Evolutionary behaviour of cosmological parameters with dynamical system analysis in f (Q, T) gravity

TL;DR

This paper explores the accelerating universe in $f(Q,T)$ gravity using dynamical system analysis, deriving models with hyperbolic scale factors and analyzing their cosmological parameters to match observations.

Contribution

It introduces specific $f(Q,T)$ gravity models with hyperbolic scale factors and performs dynamical system analysis to study their cosmological behavior and observational consistency.

Findings

Models exhibit accelerated expansion consistent with observations.

Equation of state parameters show marginal variation at present time.
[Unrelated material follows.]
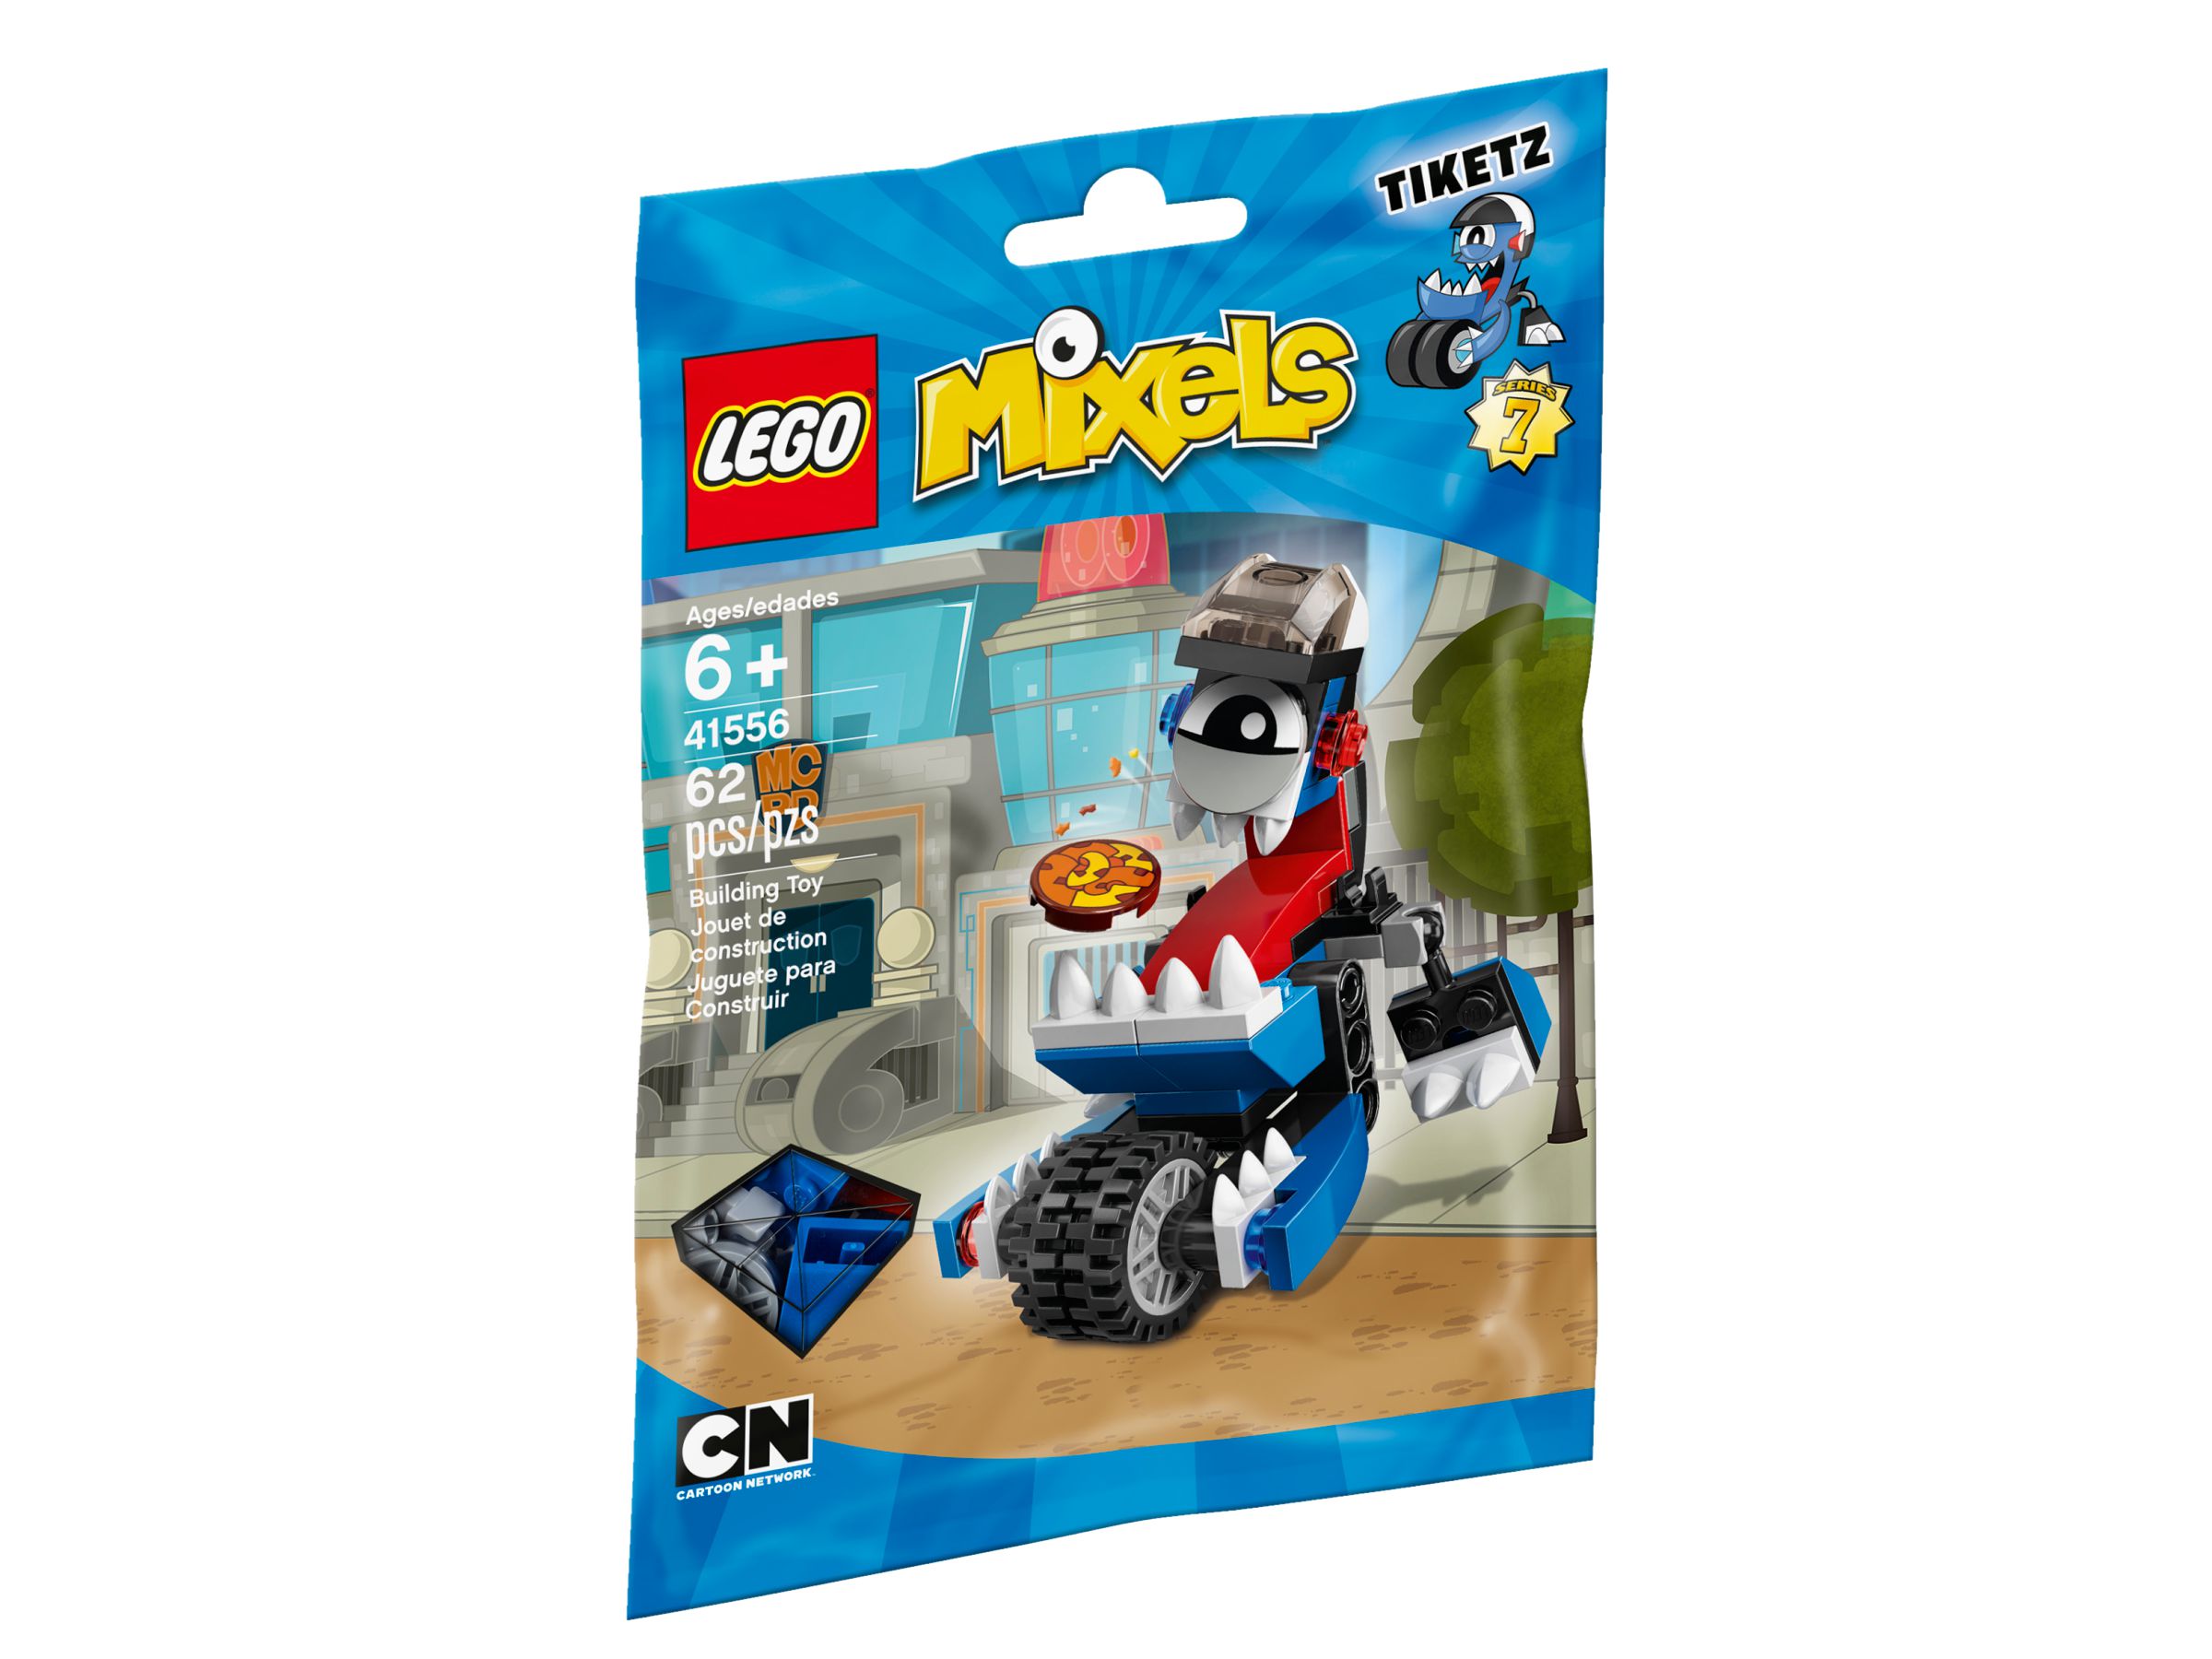 LEGO Mixels 41556 Tiketz LEGO_41556_alt1.jpg

Strong energy conditions are violated in the models.

Abstract

We have investigated the accelerating behaviour of the universe in $f(Q,T)$ gravity in an isotropic and homogeneous space-time. We have initially derive the dynamical parameters in the general form of $f(Q,T)=\alpha Q^{m}+\beta T$ [Xu et al., Eur. Phys. J. C, \textbf{79}, 708 (2019)] and then split it into two cases (i) one with $m=1$ and the (ii) other with $\beta=0$. In the first case, it reduces to the linear form of the functional $f(Q,T)$ and second case leads to the higher power of the nonmetricity $Q$. In an assumed form of the hyperbolic scale factor, the models are constructed and its evolutionary behaviours are studied. The geometrical parameters as well the equation of state parameter are obtained and found to be in the preferred range of the cosmological observations. Marginal variation has been noticed in the behaviour of $\omega$ and $\omega_{eff}$ at present time. The violation of strong energy conditions in both the cases are shown. The dynamical system analysis for the models has been performed.